The input ::
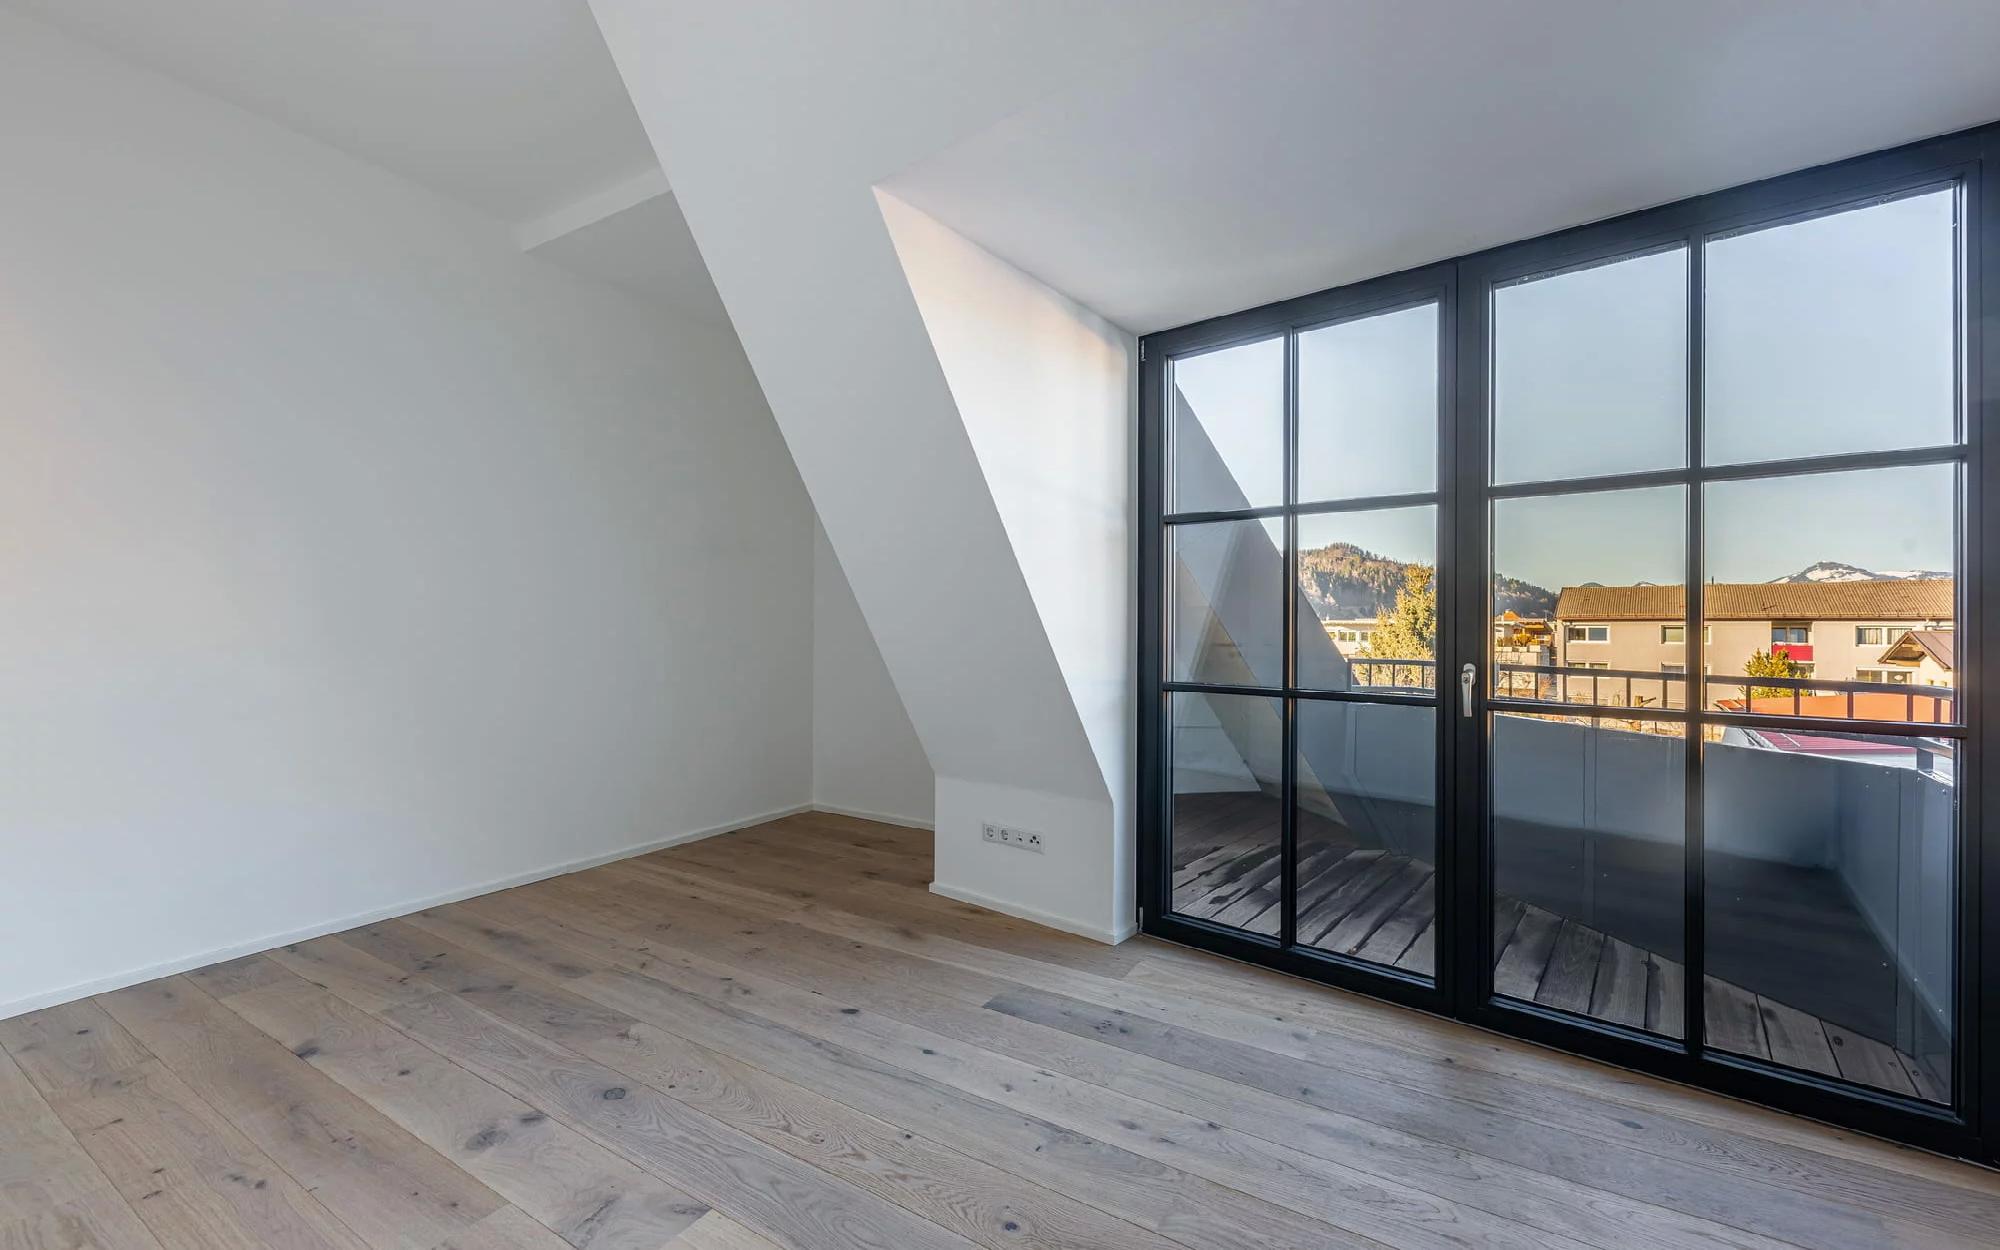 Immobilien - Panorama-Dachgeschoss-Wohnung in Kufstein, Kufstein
==
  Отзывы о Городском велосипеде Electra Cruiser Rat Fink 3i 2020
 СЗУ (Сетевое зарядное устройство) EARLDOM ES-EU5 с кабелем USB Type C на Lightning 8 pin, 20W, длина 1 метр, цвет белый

Task objective ::
Look above for the line containing "Отзывы о Городском" and the line containing "СЗУ (Сетевое зарядное". Transcribe both, with the lines between them, exactly.

Exercise response ::
  Отзывы о Городском велосипеде Electra Cruiser Rat Fink 3i 2020
 СЗУ (Сетевое зарядное устройство) EARLDOM ES-EU5 с кабелем USB Type C на Lightning 8 pin, 20W, длина 1 метр, цвет белый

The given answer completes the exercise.